(Input data)
============

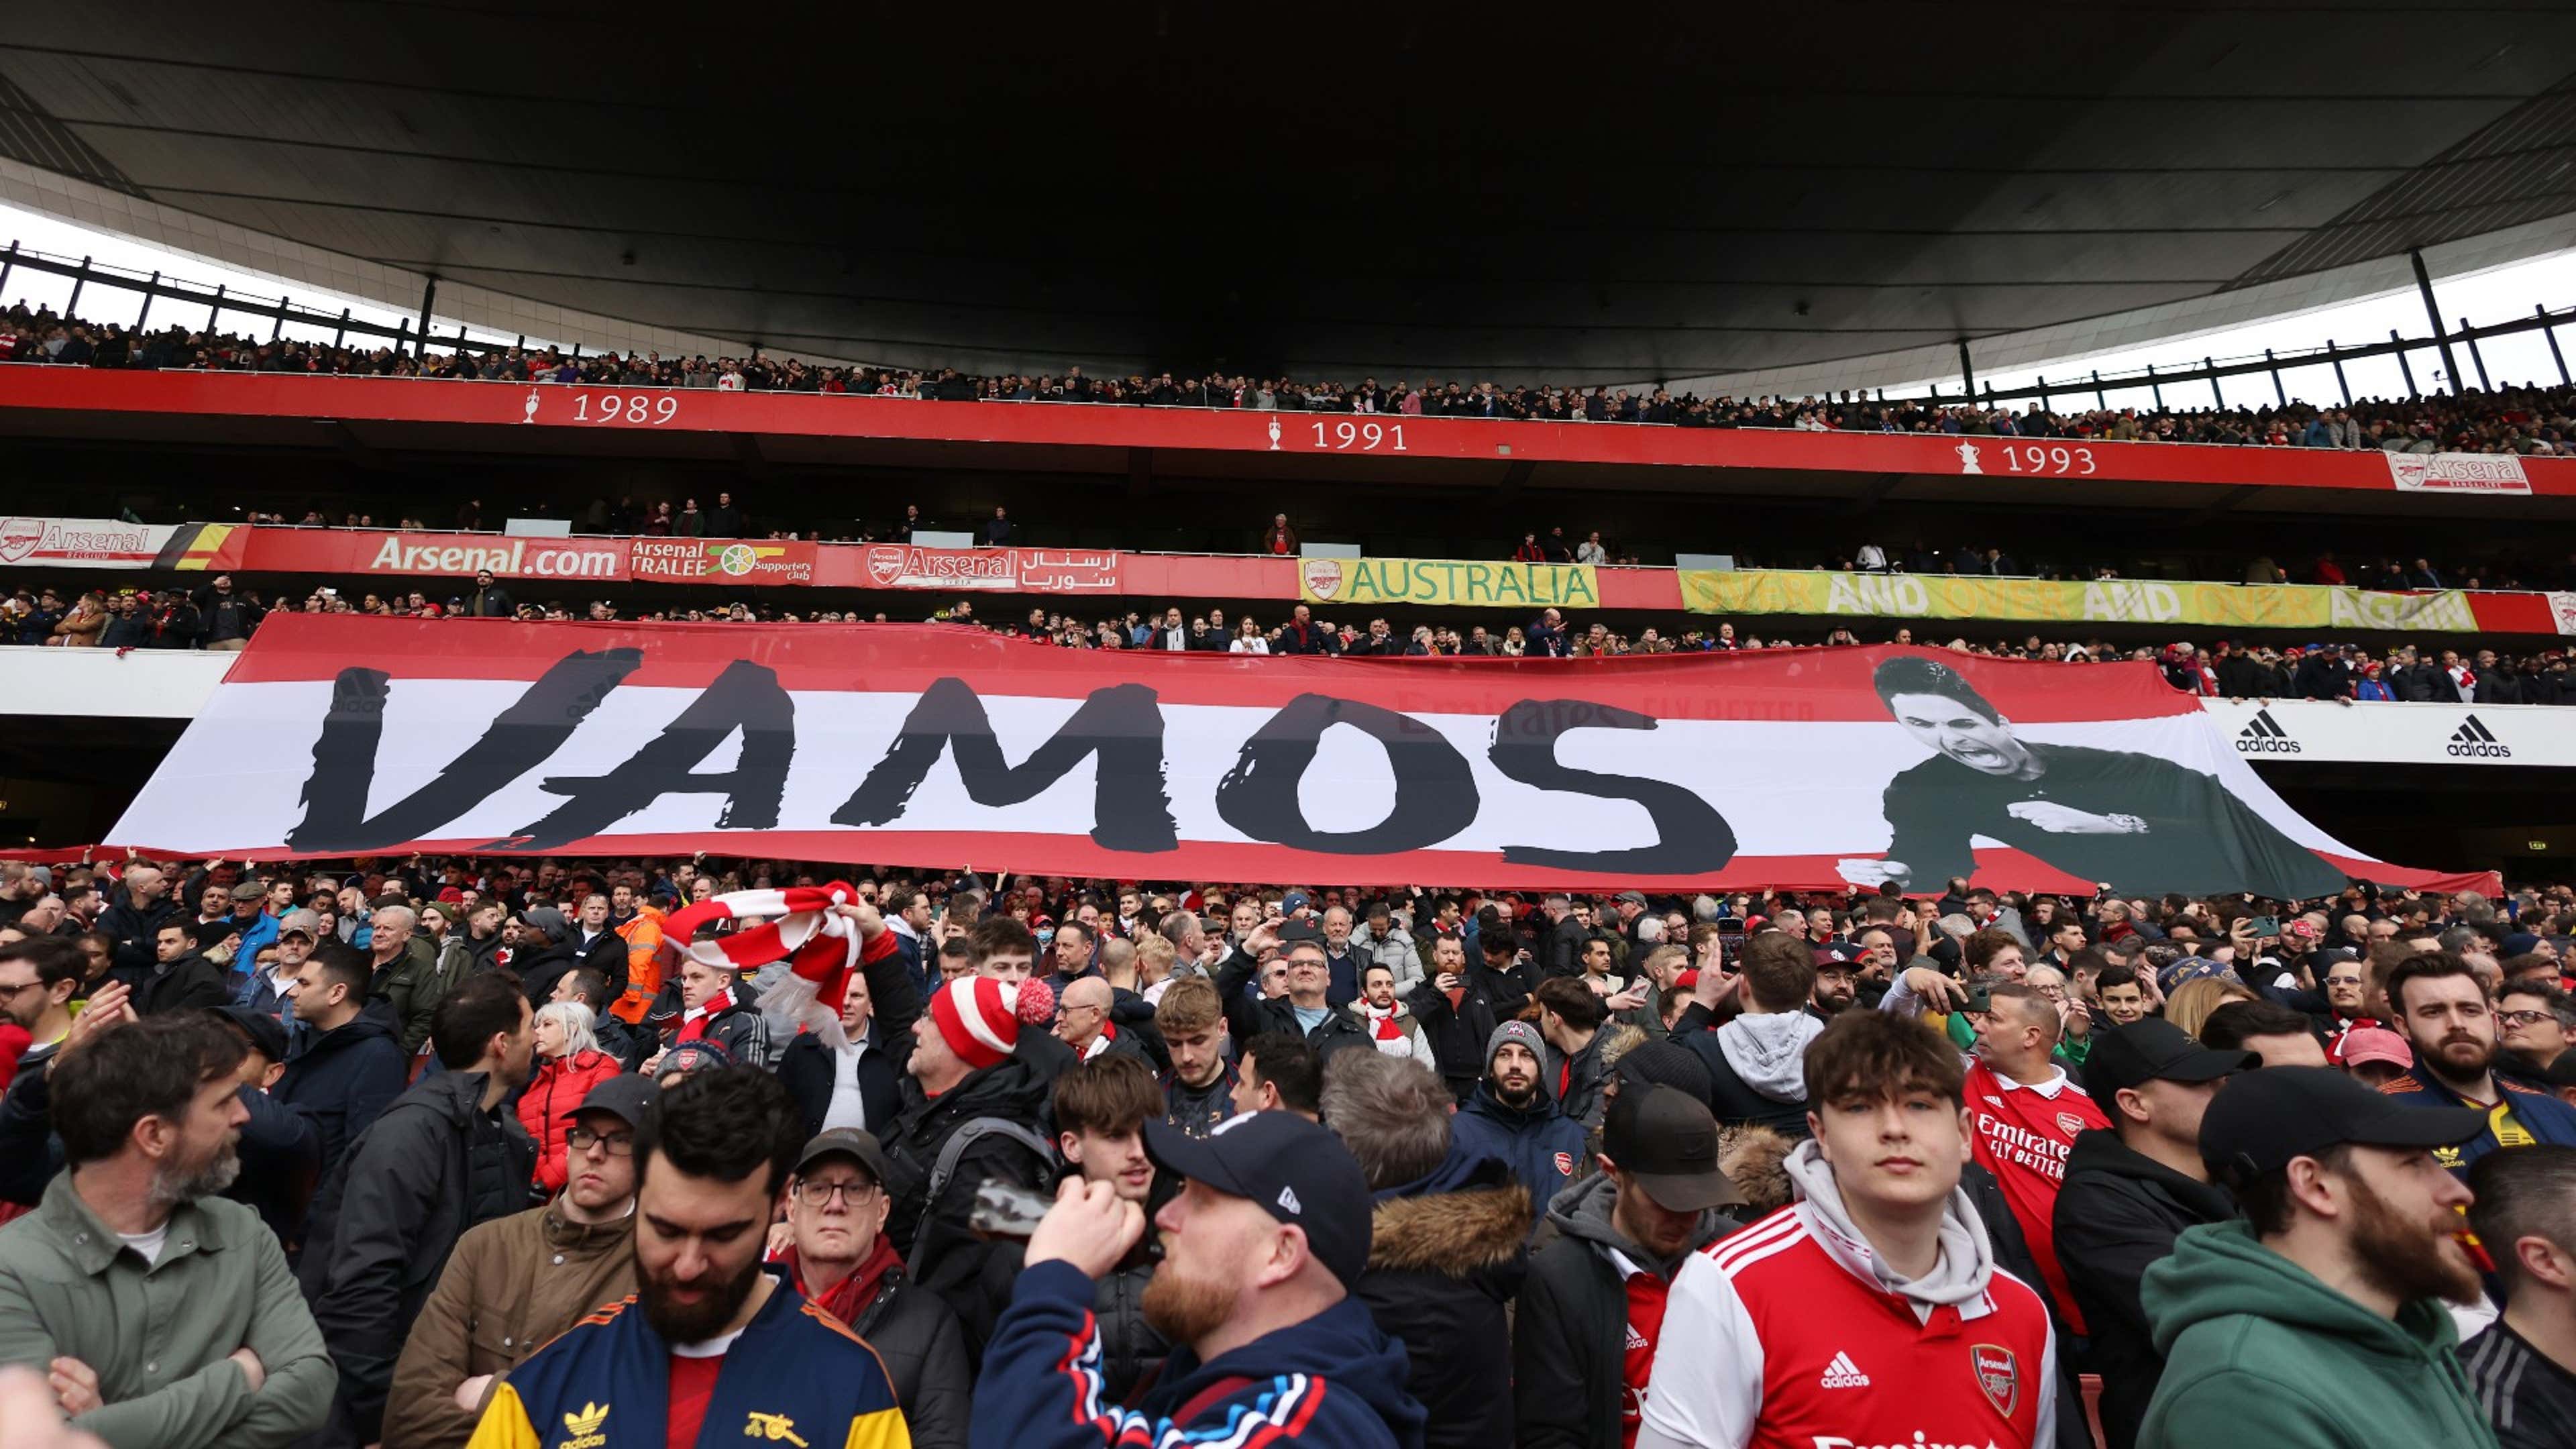 Arsenal add 2 more big games to pre-season schedule
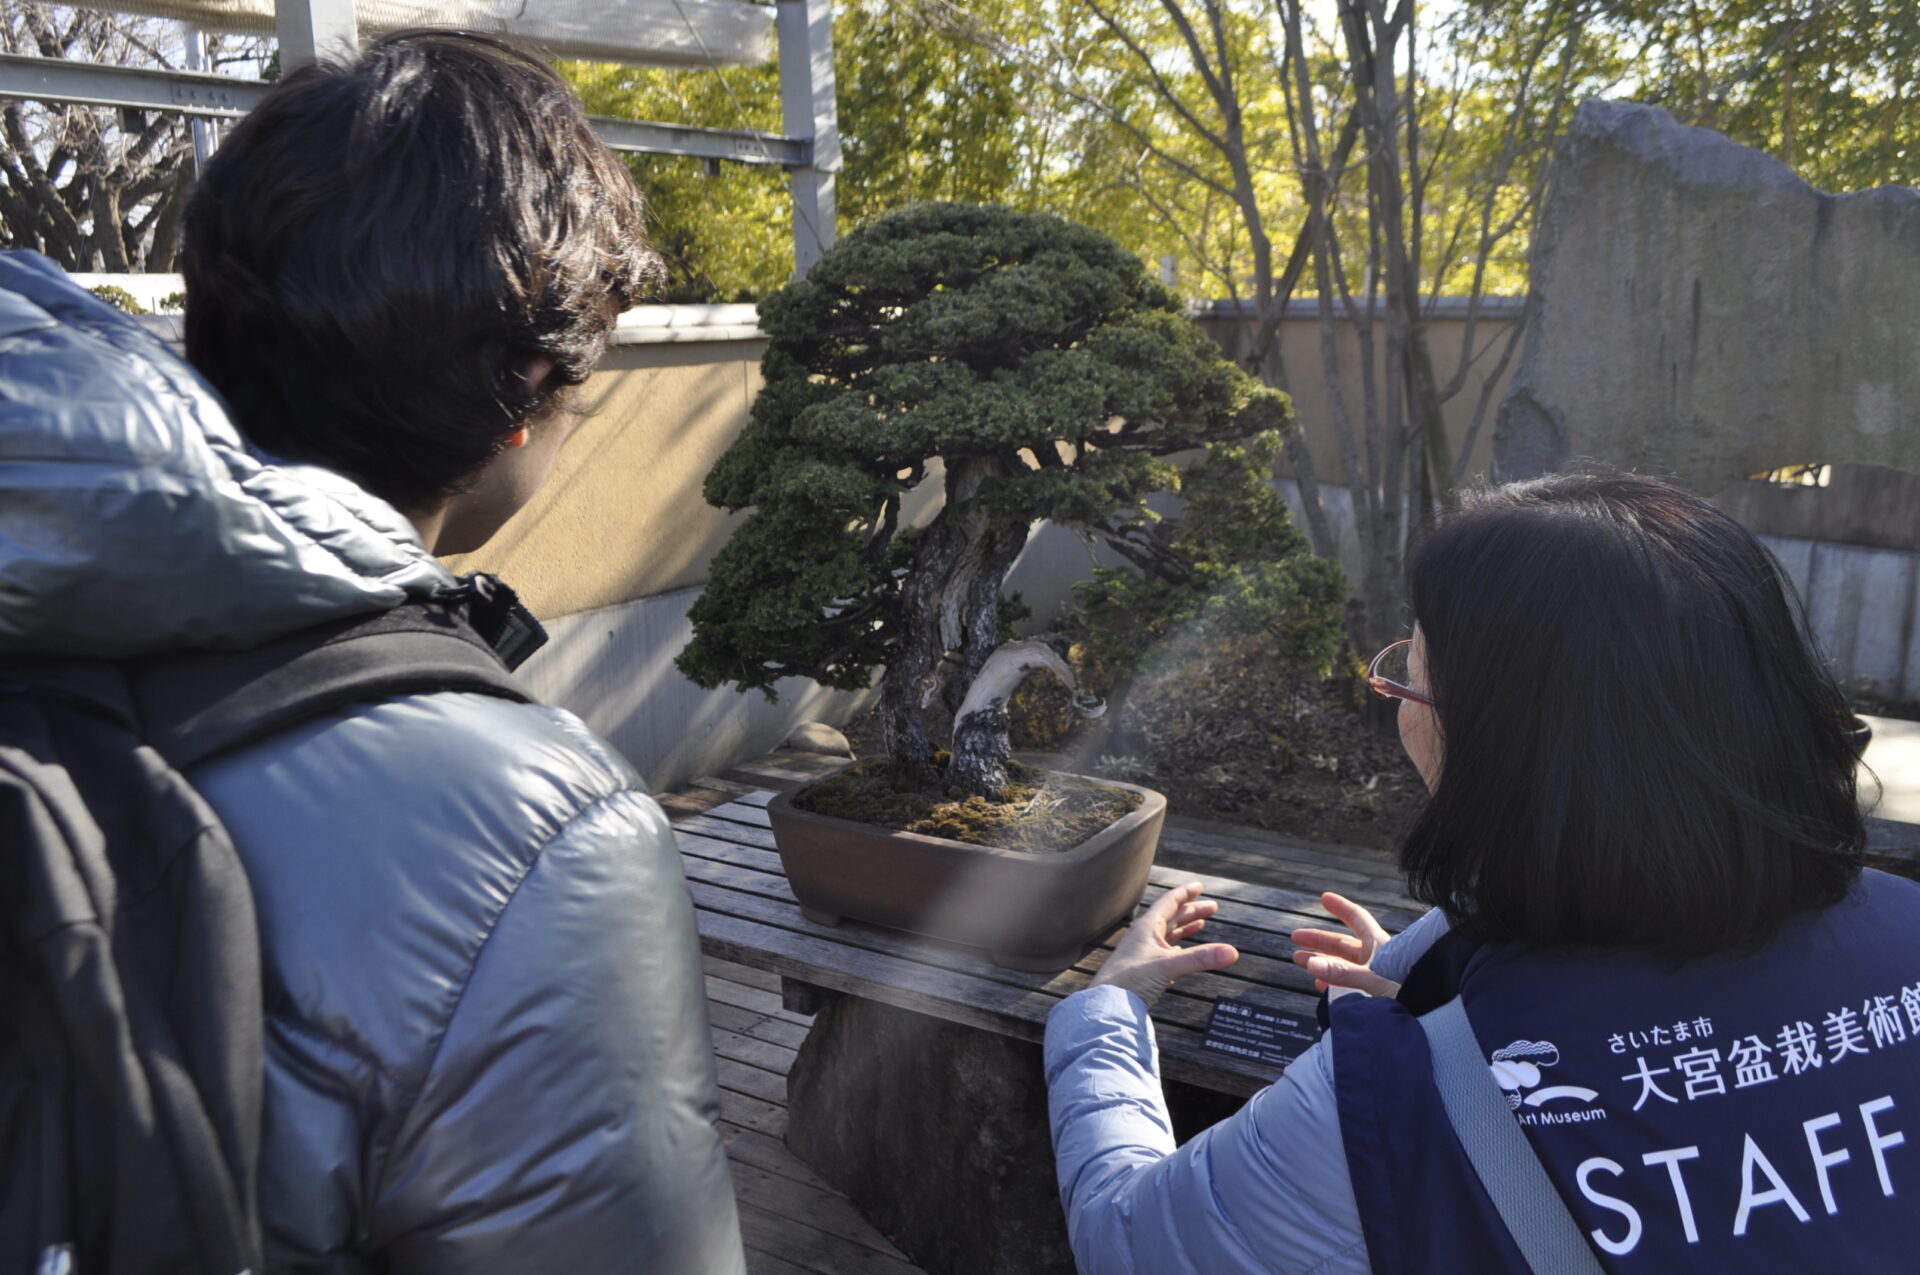 Giving a guide to a foreign visitor (bonsai garden guide).
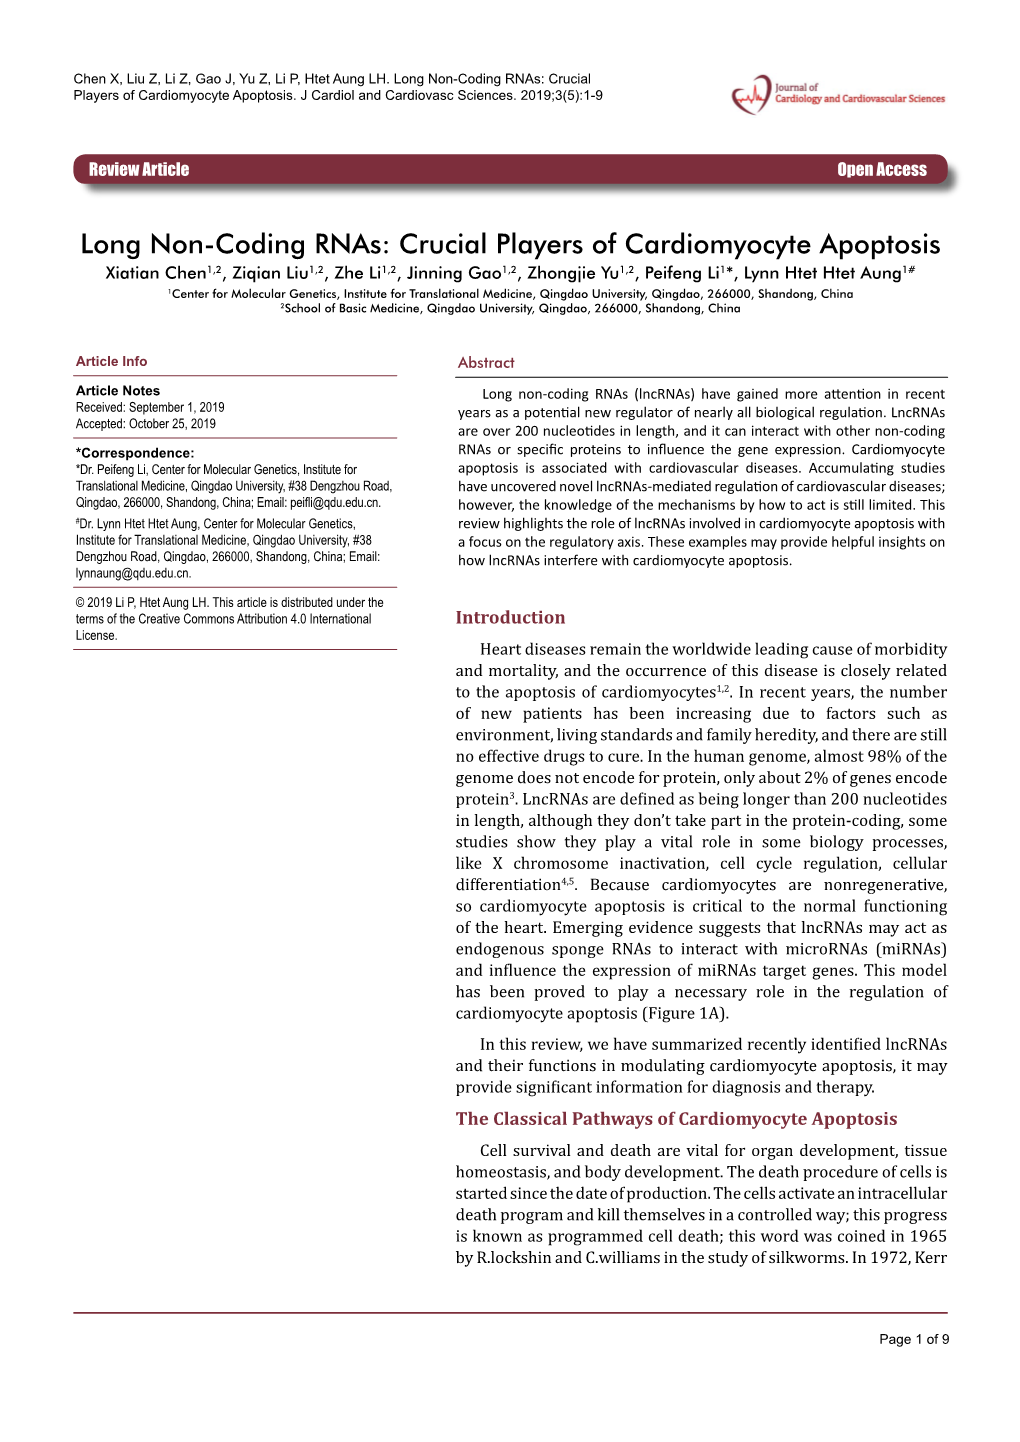 Long Non-Coding Rnas: Crucial Players of Cardiomyocyte Apoptosis
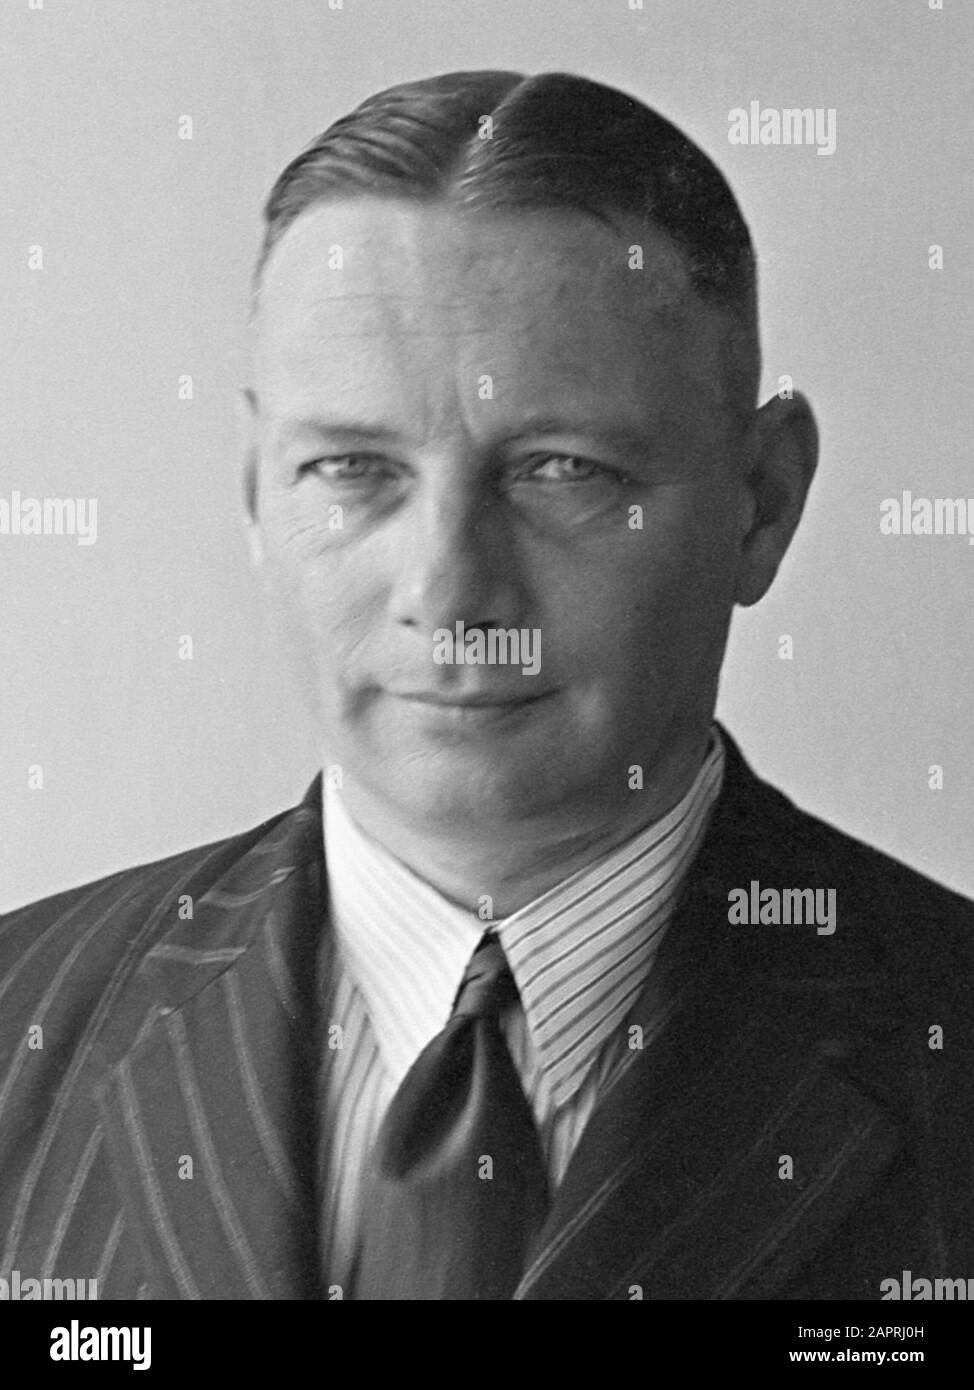 Personeel Kabinet L.L. en opname Generaal Spoor. Generaal S.H. Spoor in burgerkleding maart 1948 Stock Photo

============

(What is needed) Retype, word for word, the line containing "Giving a guide" and each line after it through the end of the data, leaving any picture out.

(Reply to the exercise)
 Giving a guide to a foreign visitor (bonsai garden guide).
 Long Non-Coding Rnas: Crucial Players of Cardiomyocyte Apoptosis
 Personeel Kabinet L.L. en opname Generaal Spoor. Generaal S.H. Spoor in burgerkleding maart 1948 Stock Photo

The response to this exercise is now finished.